Je tiens également à remercier les employés des comités. Je pense que nous sommes tous fiers du travail des comités du Sénat, qui doivent une grande partie de leur réputation aux exceptionnels employés des comités, qui réussissent à respecter les délais serrés et à répondre à des demandes parfois contradictoires tout en demeurant impartiaux dans un milieu partisan, tout cela avec grâce, humour et surtout une détermination absolue à produire un travail de la plus haute qualité.

Je remercie les employés de la Bibliothèque du Parlement, autant les chercheurs affectés à nos comités que ceux qui se tiennent à notre disposition pour répondre à toute une gamme de questions qui exigent parfois la consultation d'ouvrages obscurs.

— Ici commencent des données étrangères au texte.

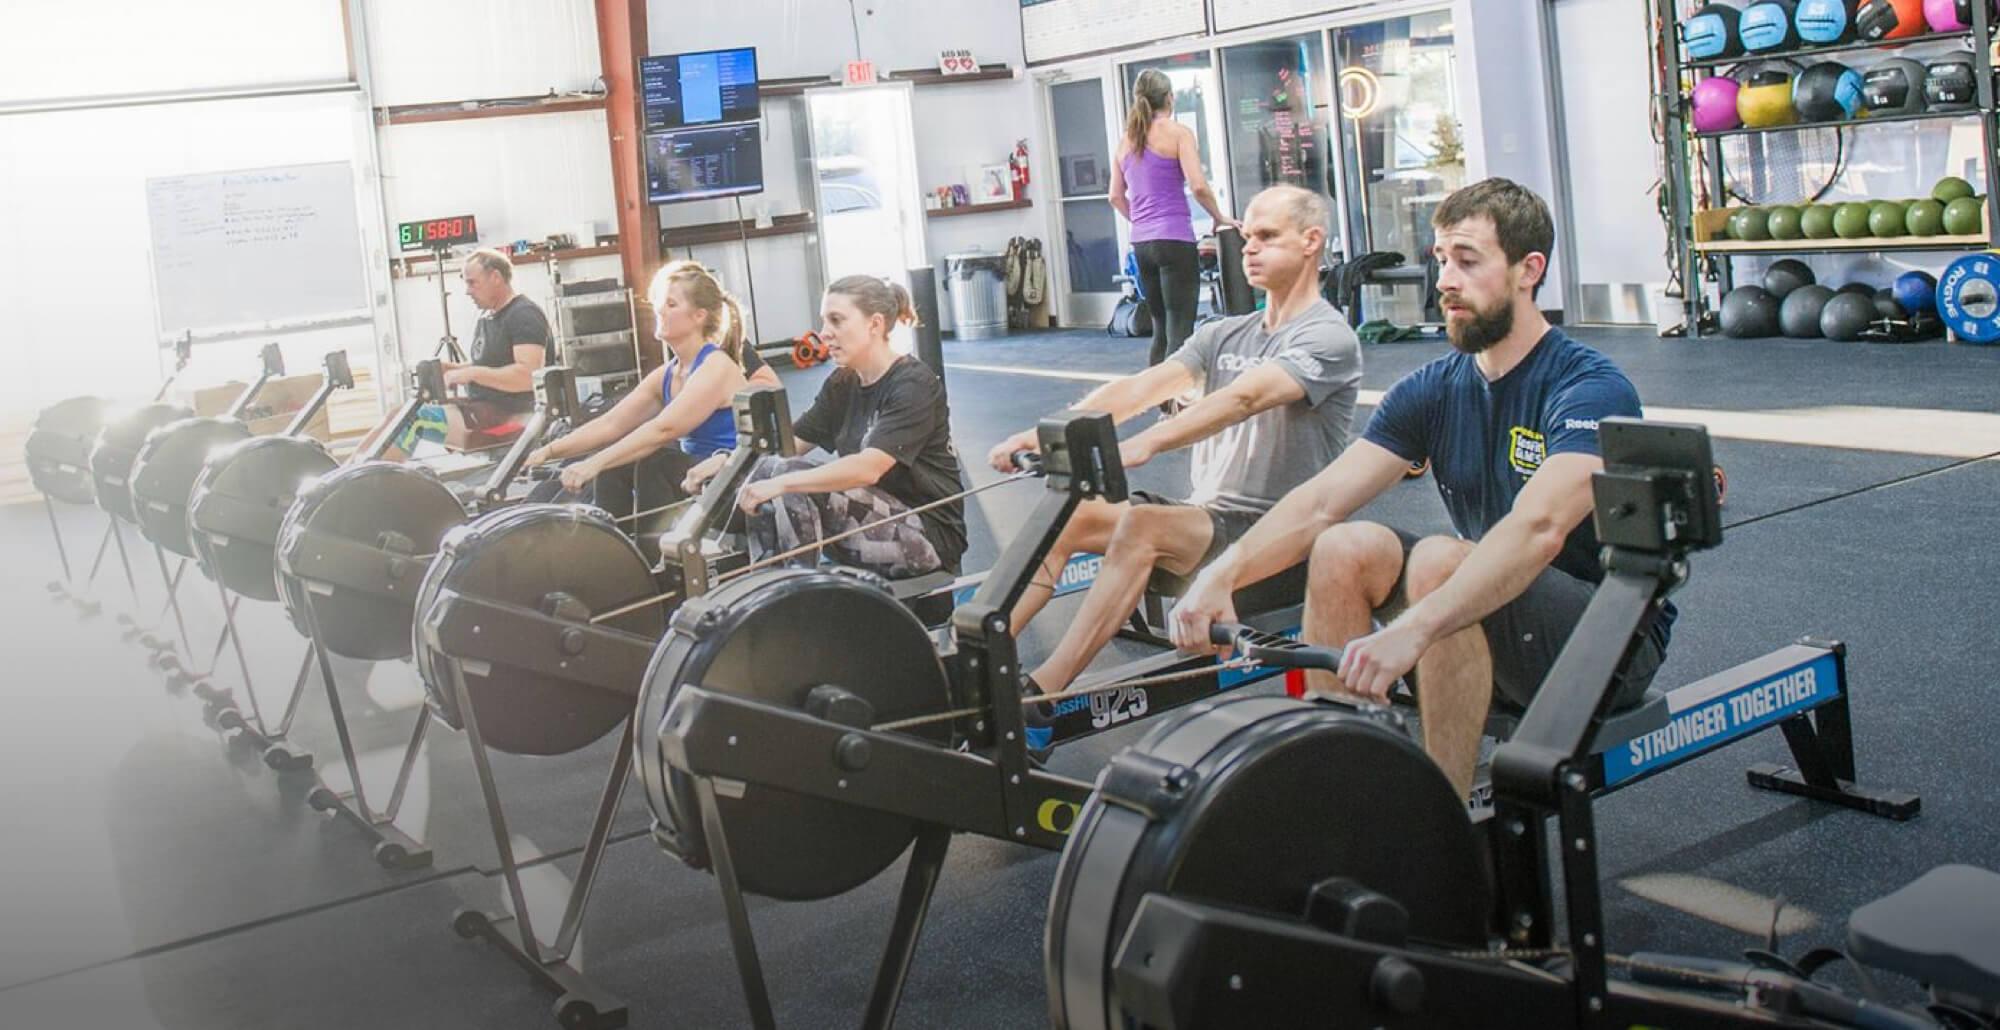 Top crossfit gyms in san antonio
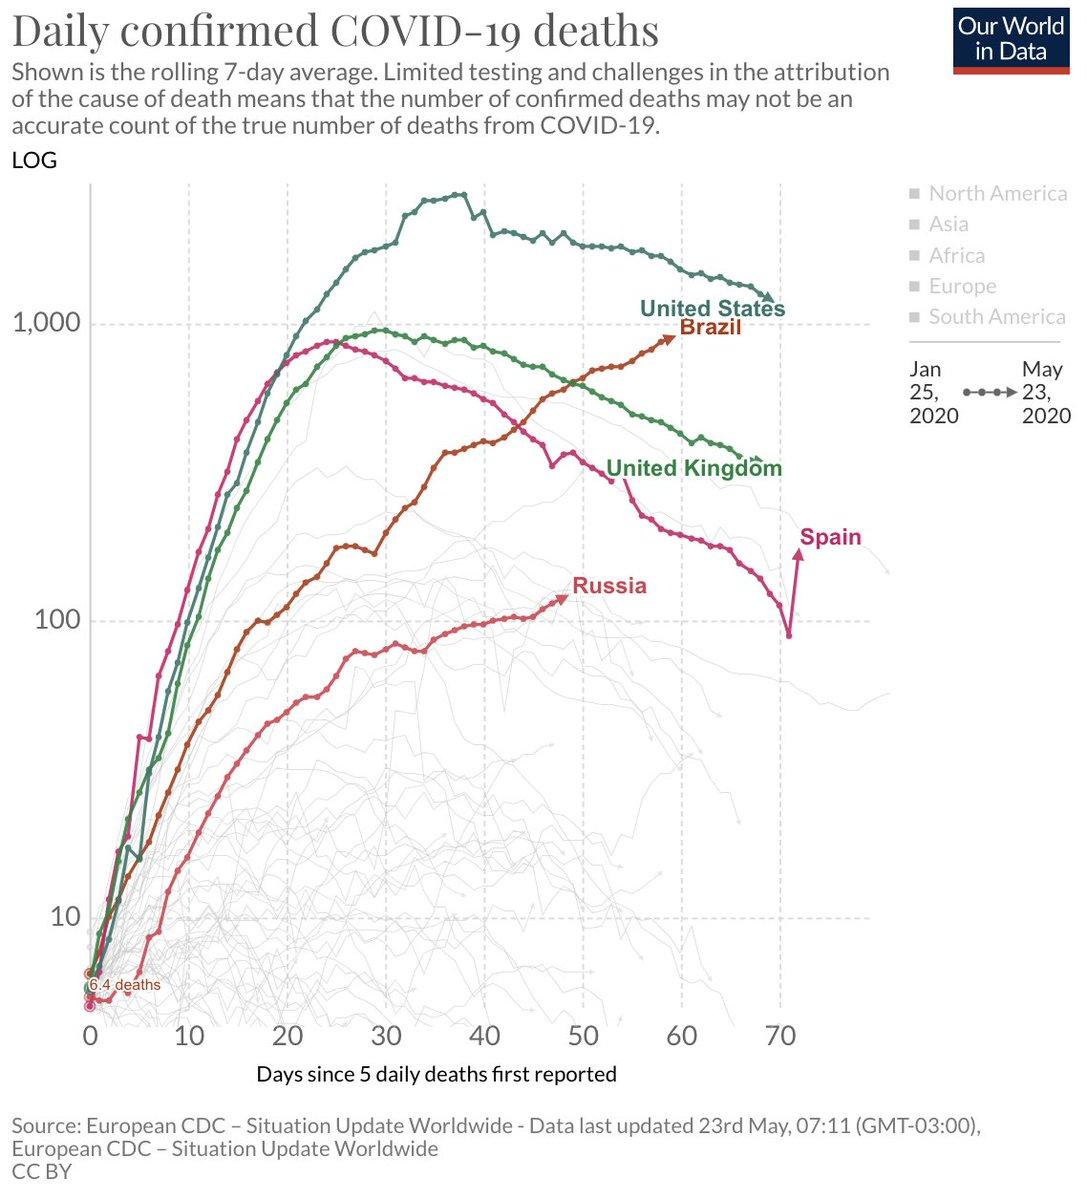 Somos o 2º país com mais casos no mundo. Nossa epidemia começou a crescer agora, mal vimos as mortes que vem pela frente. Plotei tanto o número de casos ou mortes absolutos quanto relativos por milhão de pessoas, o cenário é pavoroso de qualquer forma.

Je tiens tout particulièrement à remercier Mark Audcent, notre ancien légiste et conseiller parlementaire, de ses nombreuses années de loyaux services au Sénat et à chacun des sénateurs. J'aimerais également souhaiter la bienvenue à Michel Patrice, le nouveau légiste et conseiller parlementaire. Nous avons beaucoup de chance d'avoir bénéficié de l'excellent service de Mark à titre de légiste et de Michel à titre de légiste adjoint. Je suis ravie que Michel ait accepté le titre de premier conseiller juridique, et ce, malgré le fait qu'il savait exactement dans quoi il se lançait.

Michel, nous nous réjouissons tous à l'idée de collaborer avec vous dans vos nouvelles fonctions, et Mark, si vous lisez ces lignes, nous vous remercions bien sincèrement des judicieux conseils que vous nous avez donnés pendant des années. Nous vous offrons nos vœux de santé et de bonheur pour une retraite bien méritée.

Je remercie également nos interprètes, traducteurs et sténographes, l'excellent personnel qui travaille aux Débats et aux Journaux, les membres du Service de sécurité, le personnel de nos bureaux, bien entendu, et les nombreuses autres personnes qui assurent le bon fonctionnement du Sénat et nous permettent ainsi de nous consacrer aux projets de loi et aux autres questions dont nous sommes saisis. Merci à vous tous. Honnêtement, nous ne pourrions pas faire notre travail sans vous.

J'espère que vous profiterez du fait que vous ne nous aurez pas dans les jambes cet été pour vous reposer et refaire le plein. Je sais qu'à l'automne, nous vous reviendrons avec une foule de demandes impossibles auxquelles vous réussirez à répondre rapidement, comme par magie. Merci à vous, et passez un bel été.

Enfin, quelques mots à mes collègues des deux côtés de la Chambre. J'espère que nous profiterons de l'été pour réfléchir aux défis et aux possibilités que comporte la décision de la Cour suprême concernant le renvoi sur le Sénat et que nous reviendrons à l'automne déterminés à travailler ensemble afin d'améliorer, dans la mesure du possible, notre façon de faire les choses dans l'intérêt des Canadiens.

Passez un bel été. Au plaisir de vous revoir à l'automne.

Des voix : Bravo!

L'honorable Yonah Martin (leader adjointe du gouvernement) : Merci, Votre Honneur. Si je puis me le permettre, j'aimerais m'associer aux remerciements formulés par le leader du gouvernement et le leader de l'opposition.

(La séance est levée, et le Sénat s'ajourne au mardi 16 septembre 2014, à 14 heures.)